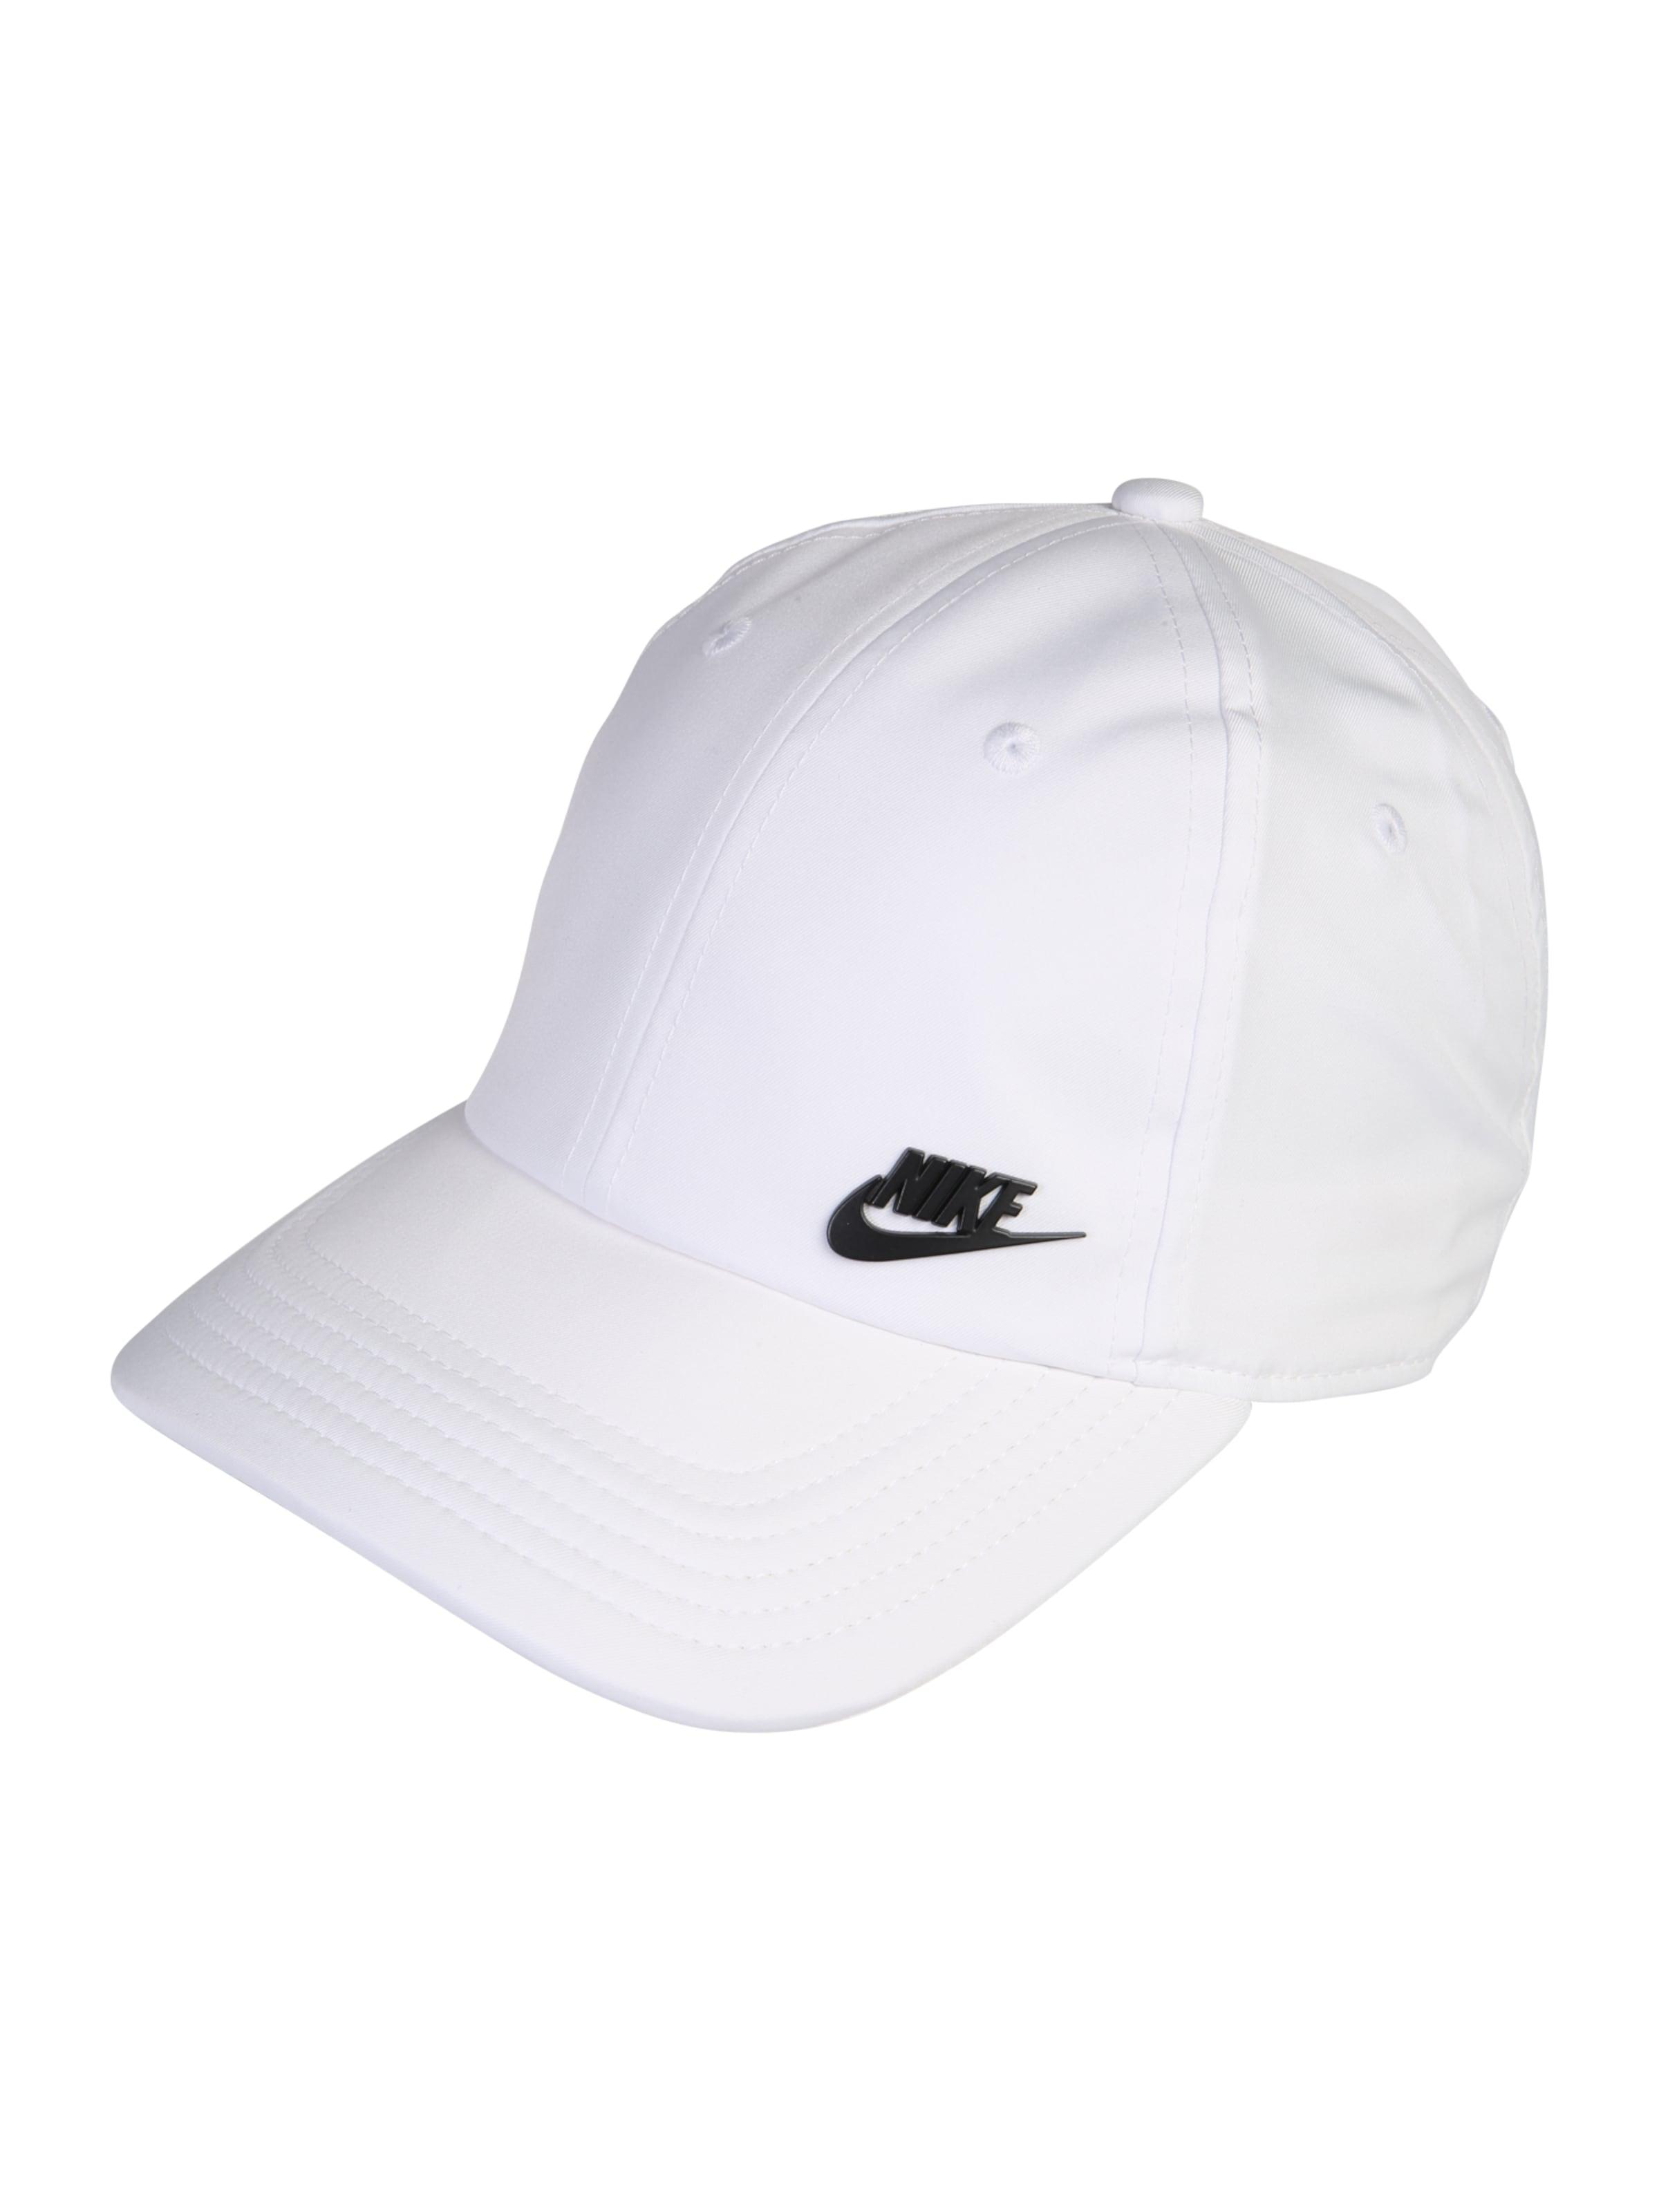 In Pet Pet Nike Nike Sportswear Sportswear Wit Wit In yb6gf7
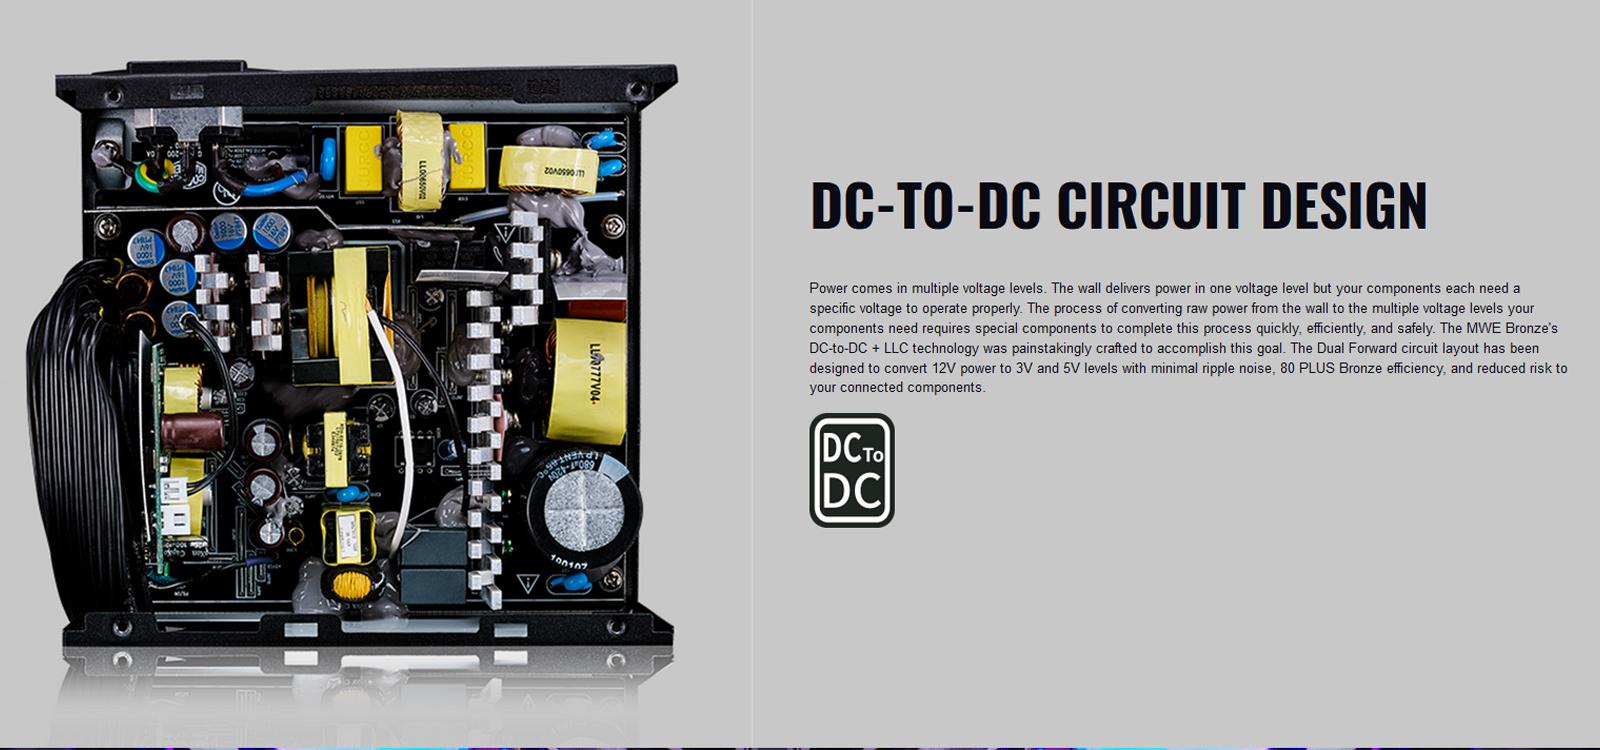 Nguồn máy tính Cooler Master MWE V2 230V 650 650W Plus Bronze (80 Plus Bronze/Màu Đen) với thiết kế mạch DC to DC
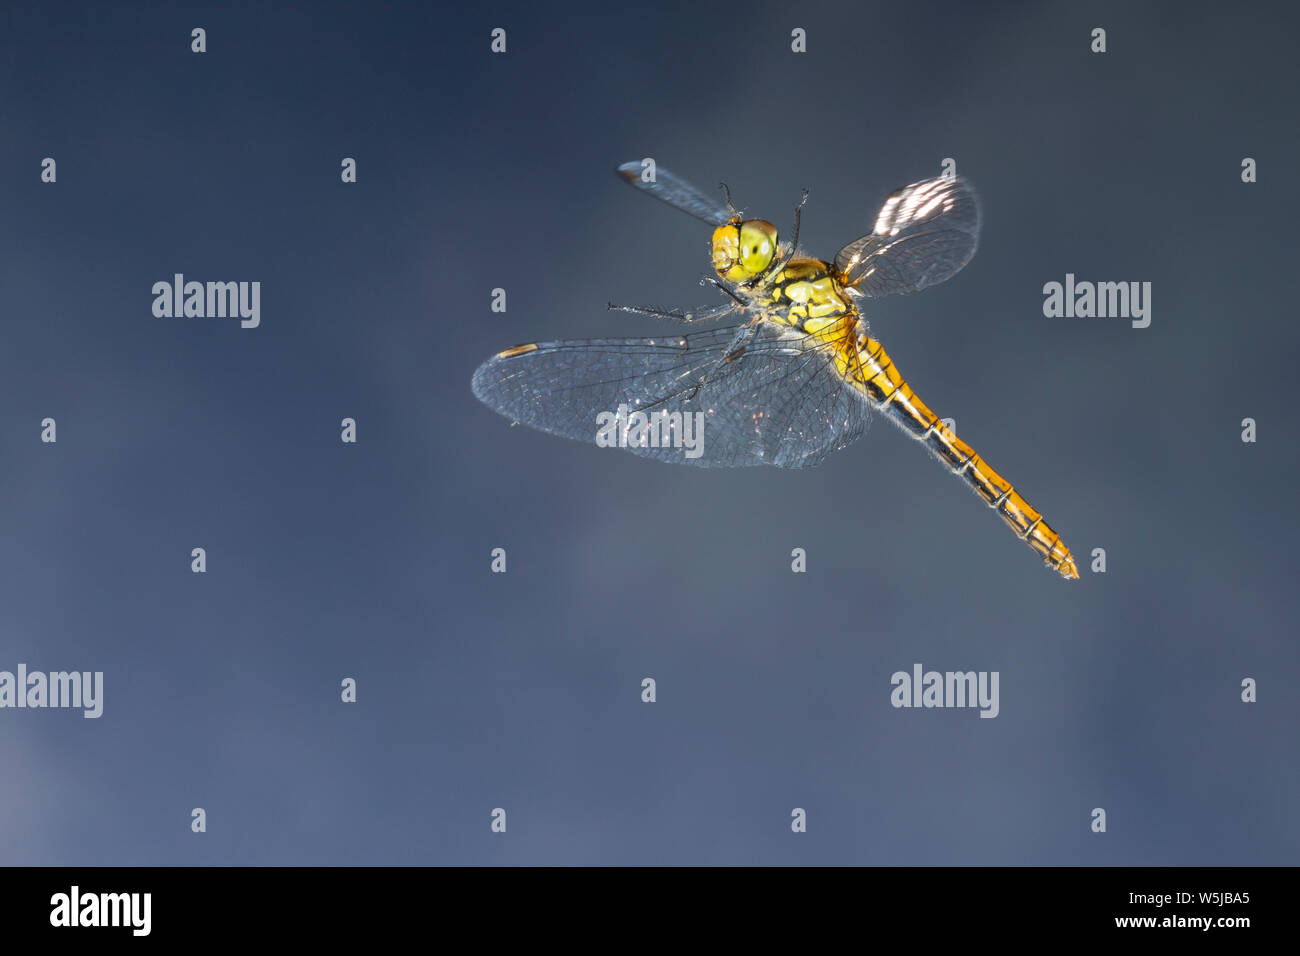 Blutrote Heidelibelle, Weibchen, Flug, fliegend, Sympetrum sanguineum, ruddy sympetrum, Ruddy Darter, female, flight, flying, Sympétrum sanguin Stock Photo
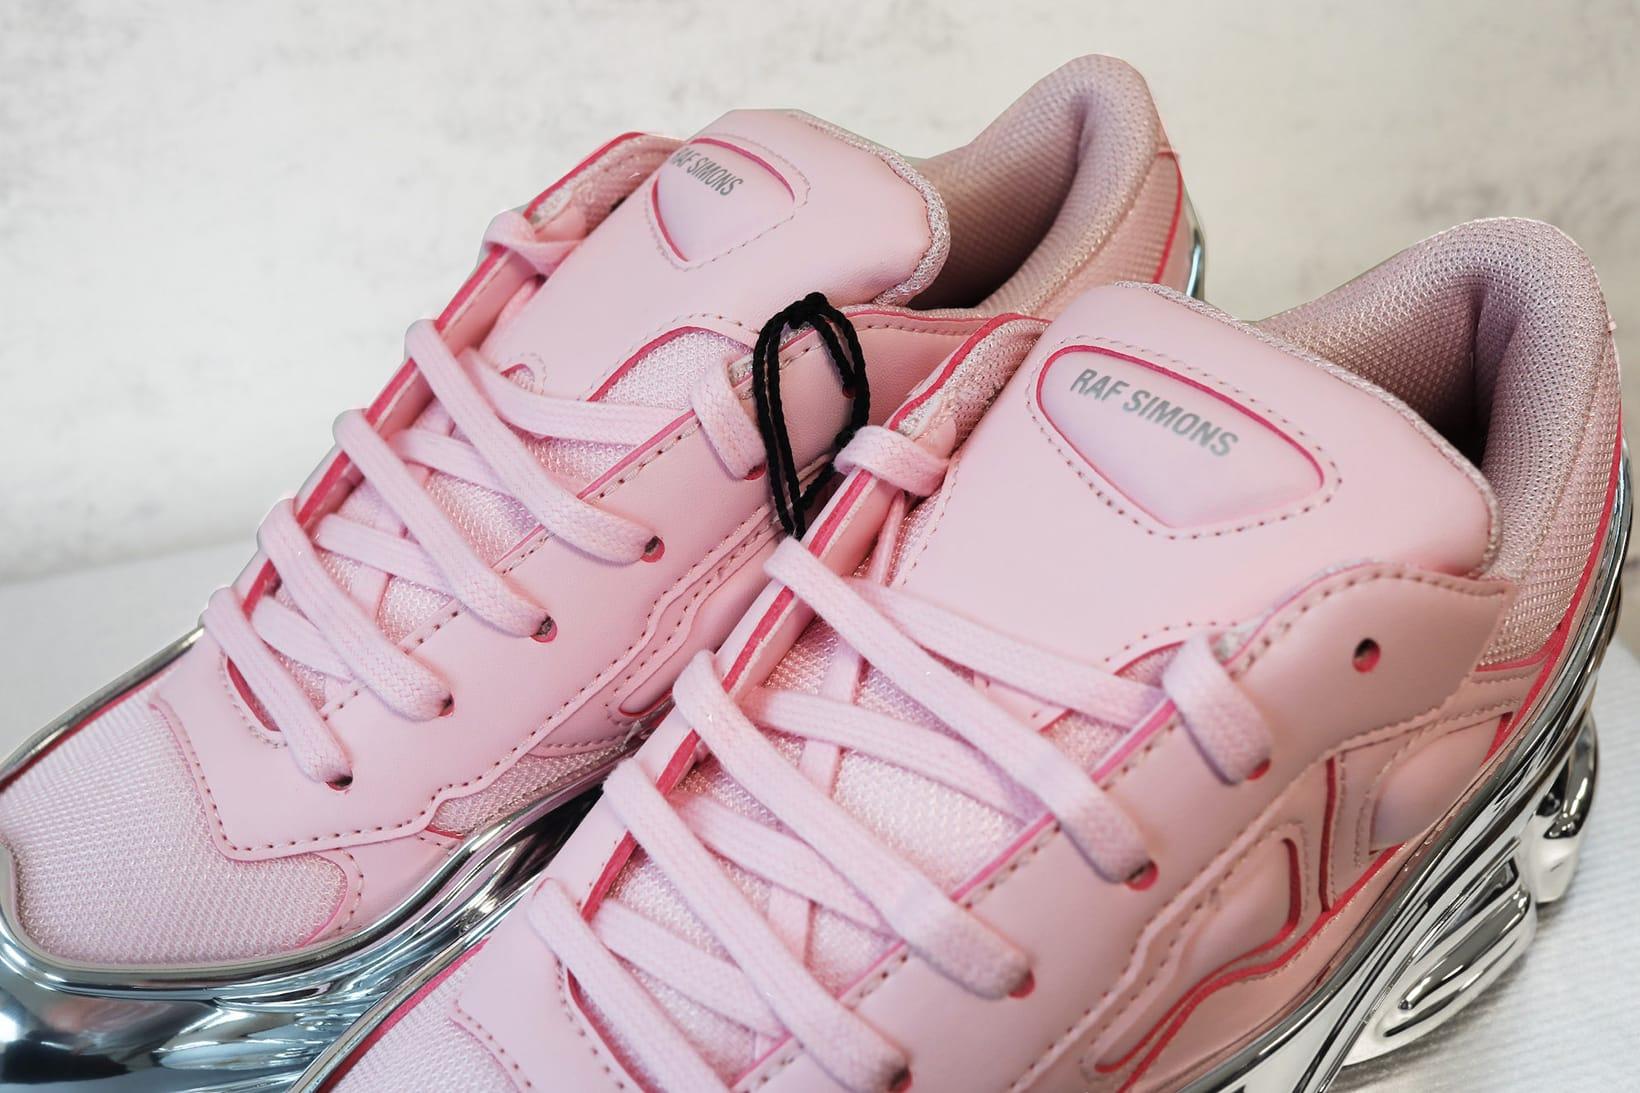 adidas x Raf Simons RS Ozweego Pink

◇ ◇ ◇ ◇ ◇

**EXERCISE REQUIREMENTS**
Where pictures sit among the data above, omit them, and output the rest exactly.

**EXPECTED ANSWER**
 In Pet Pet Nike Nike Sportswear Sportswear Wit Wit In yb6gf7
 Nguồn máy tính Cooler Master MWE V2 230V 650 650W Plus Bronze (80 Plus Bronze/Màu Đen) với thiết kế mạch DC to DC
 Blutrote Heidelibelle, Weibchen, Flug, fliegend, Sympetrum sanguineum, ruddy sympetrum, Ruddy Darter, female, flight, flying, Sympétrum sanguin Stock Photo
 adidas x Raf Simons RS Ozweego Pink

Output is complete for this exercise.